- Work instruction: Restate the listing below word for word, pictures excluded.
** Raw data follows **
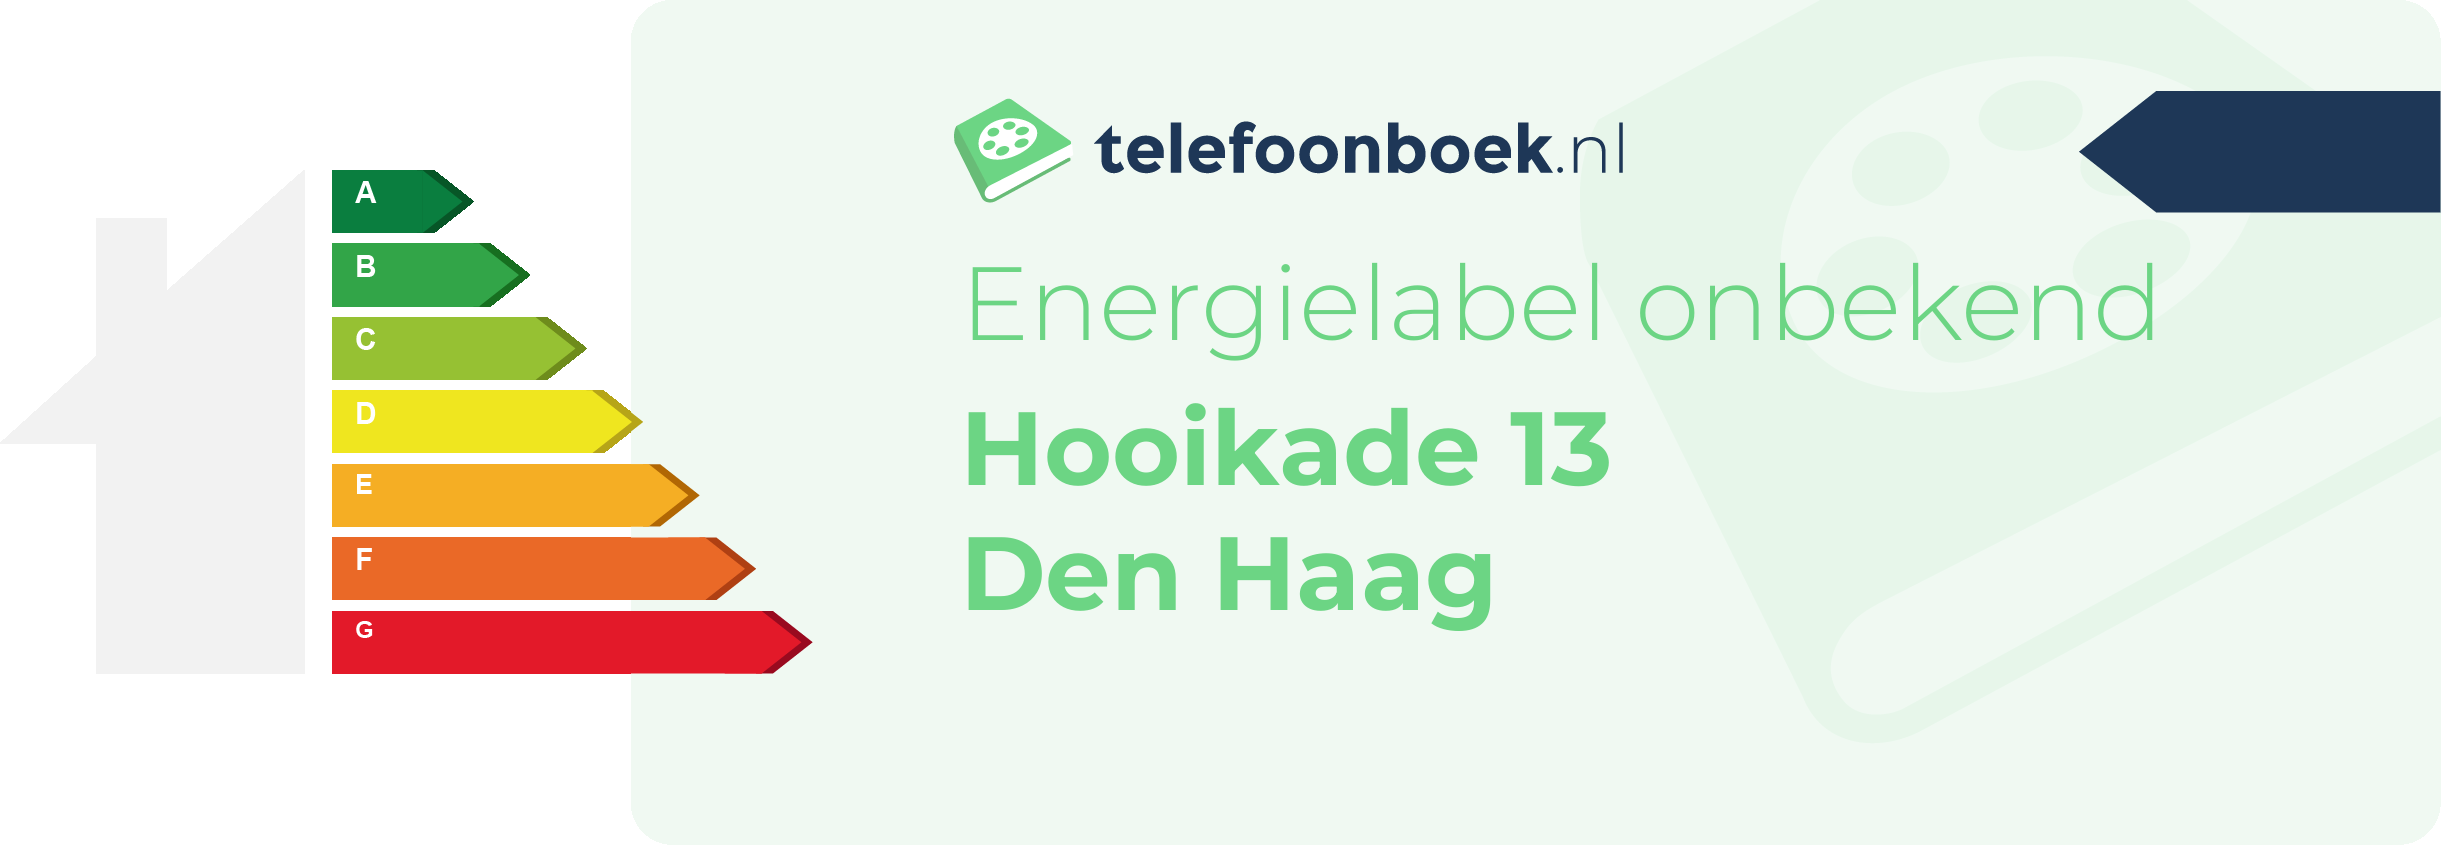 Energielabel Hooikade 13 Den Haag
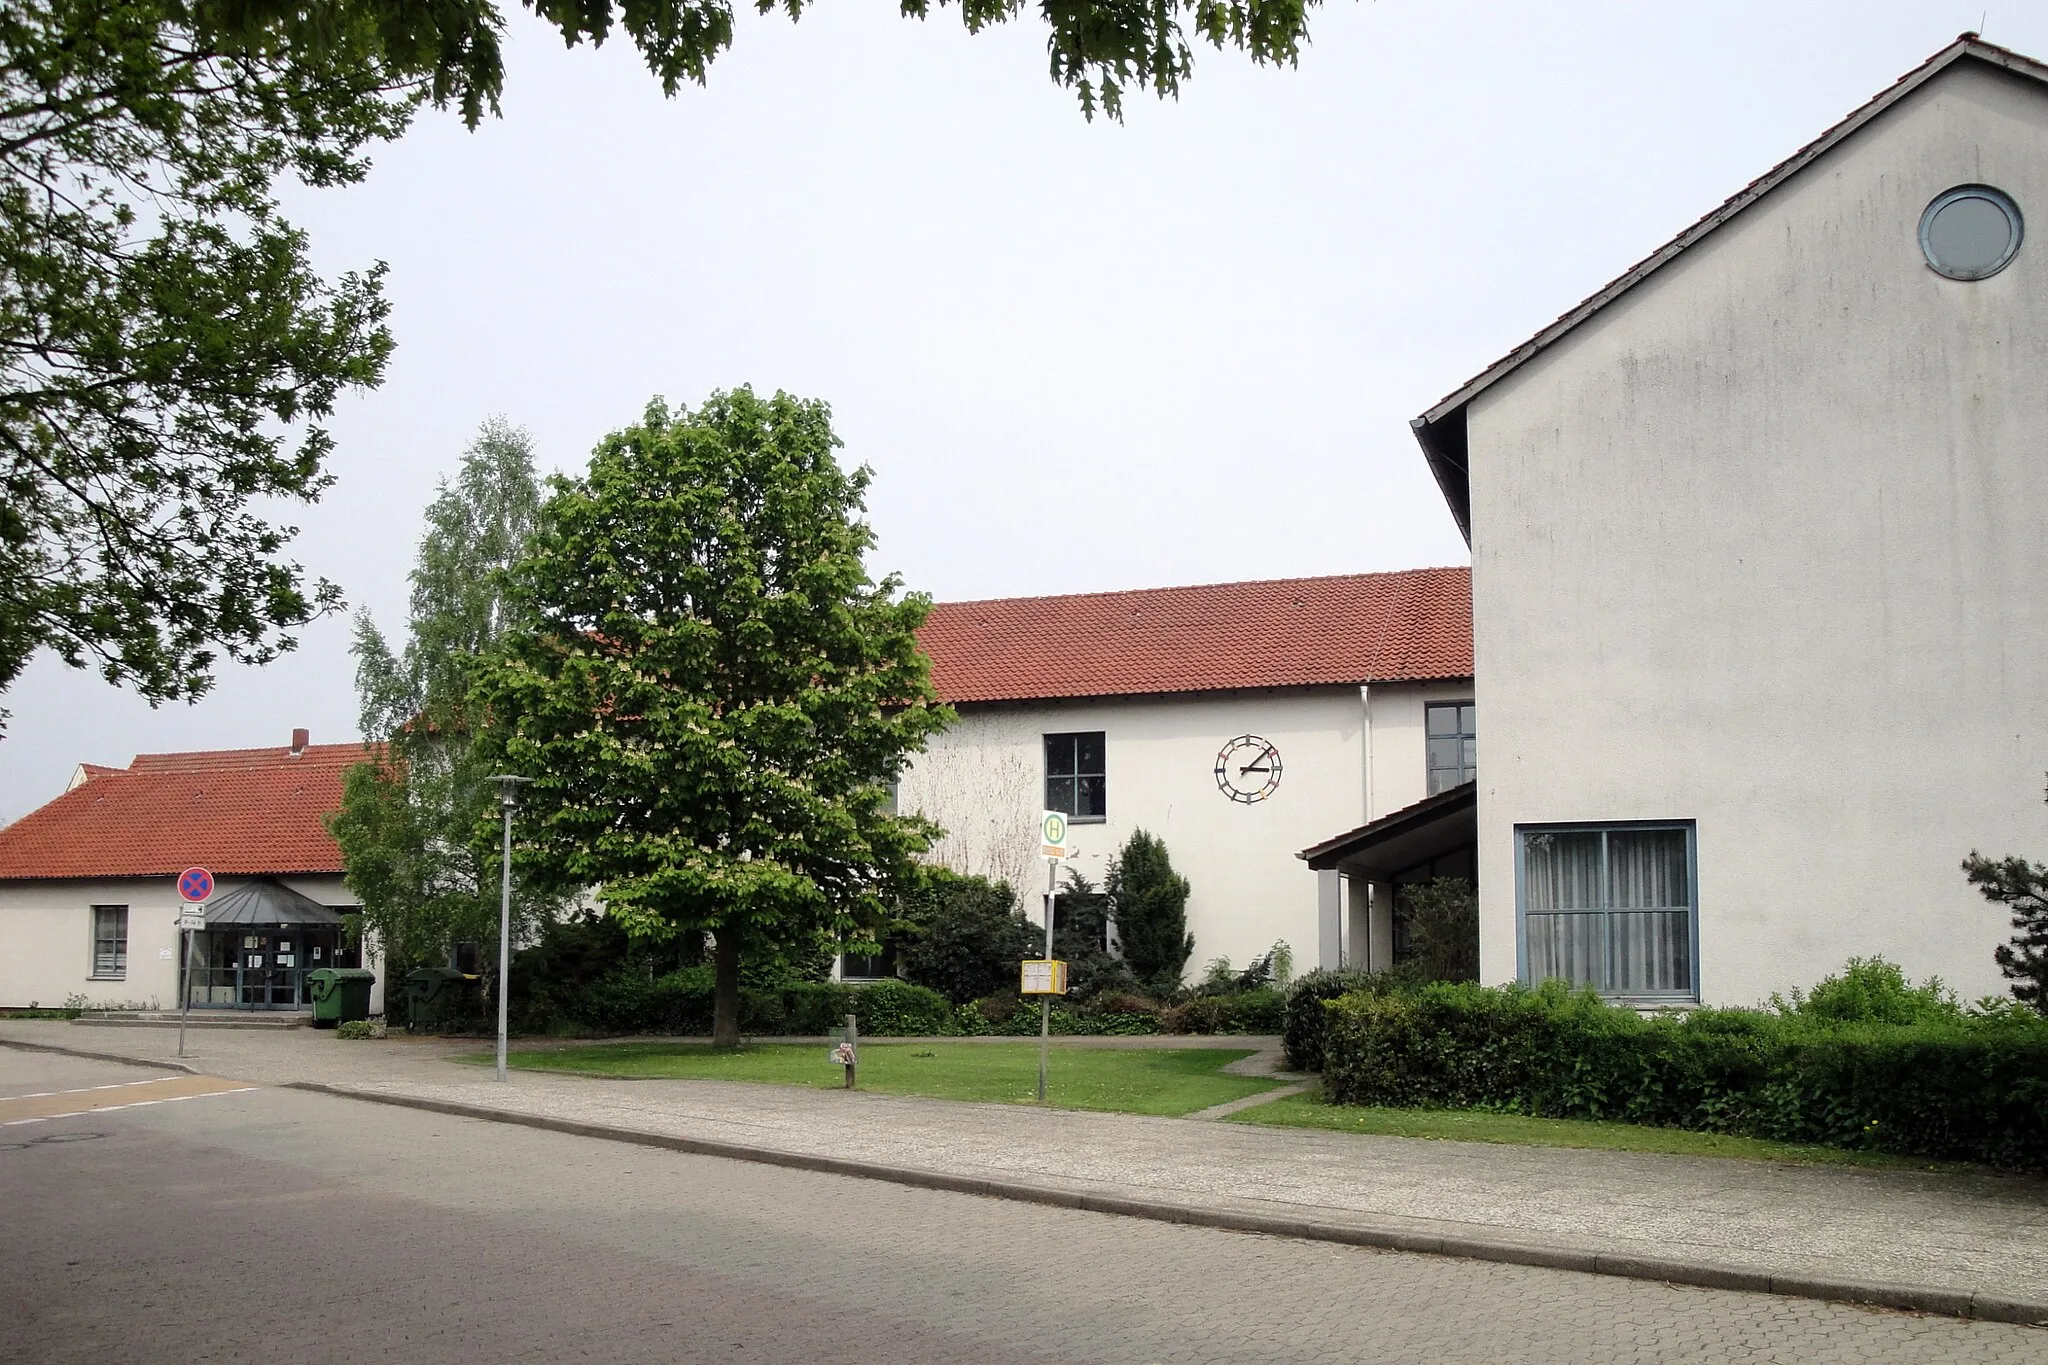 Photo showing: elementary school "Am Zellberg" in Meine, Germany
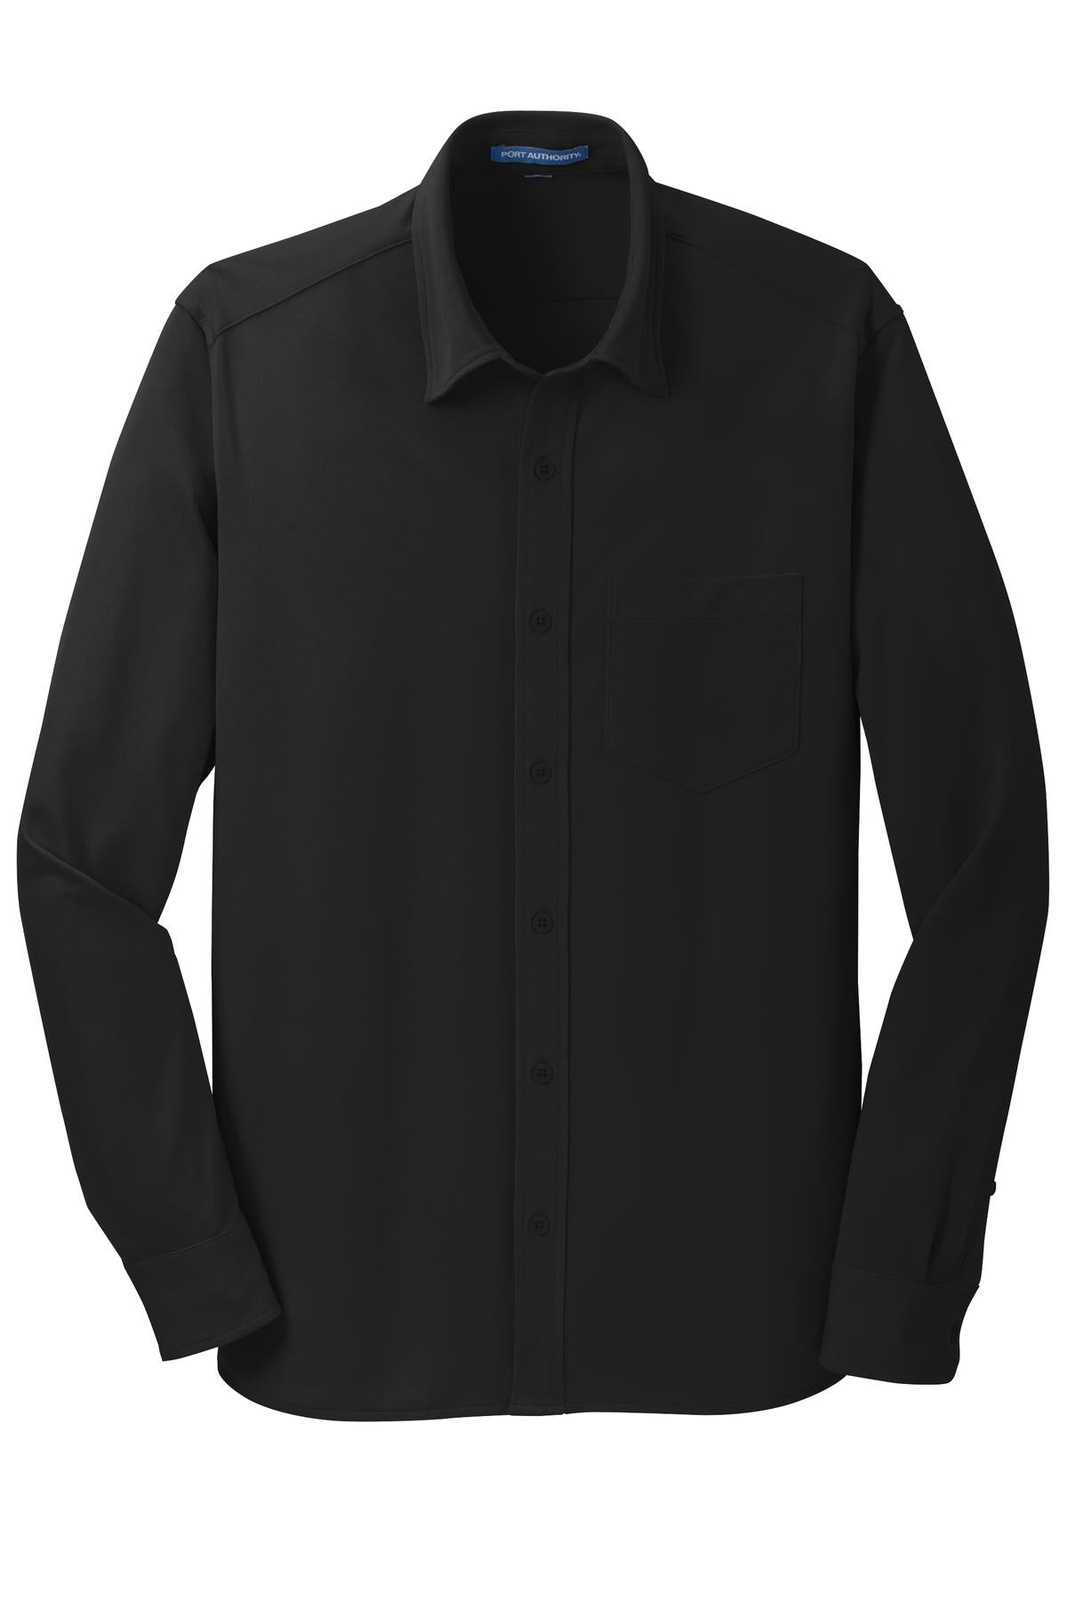 Port Authority K570 Dimension Knit Dress Shirt - Black - HIT a Double - 5
** End of Raw data **
- Solution:
 Energielabel Hooikade 13 Den Haag
 Photo showing: elementary school "Am Zellberg" in Meine, Germany
 Port Authority K570 Dimension Knit Dress Shirt - Black - HIT a Double - 5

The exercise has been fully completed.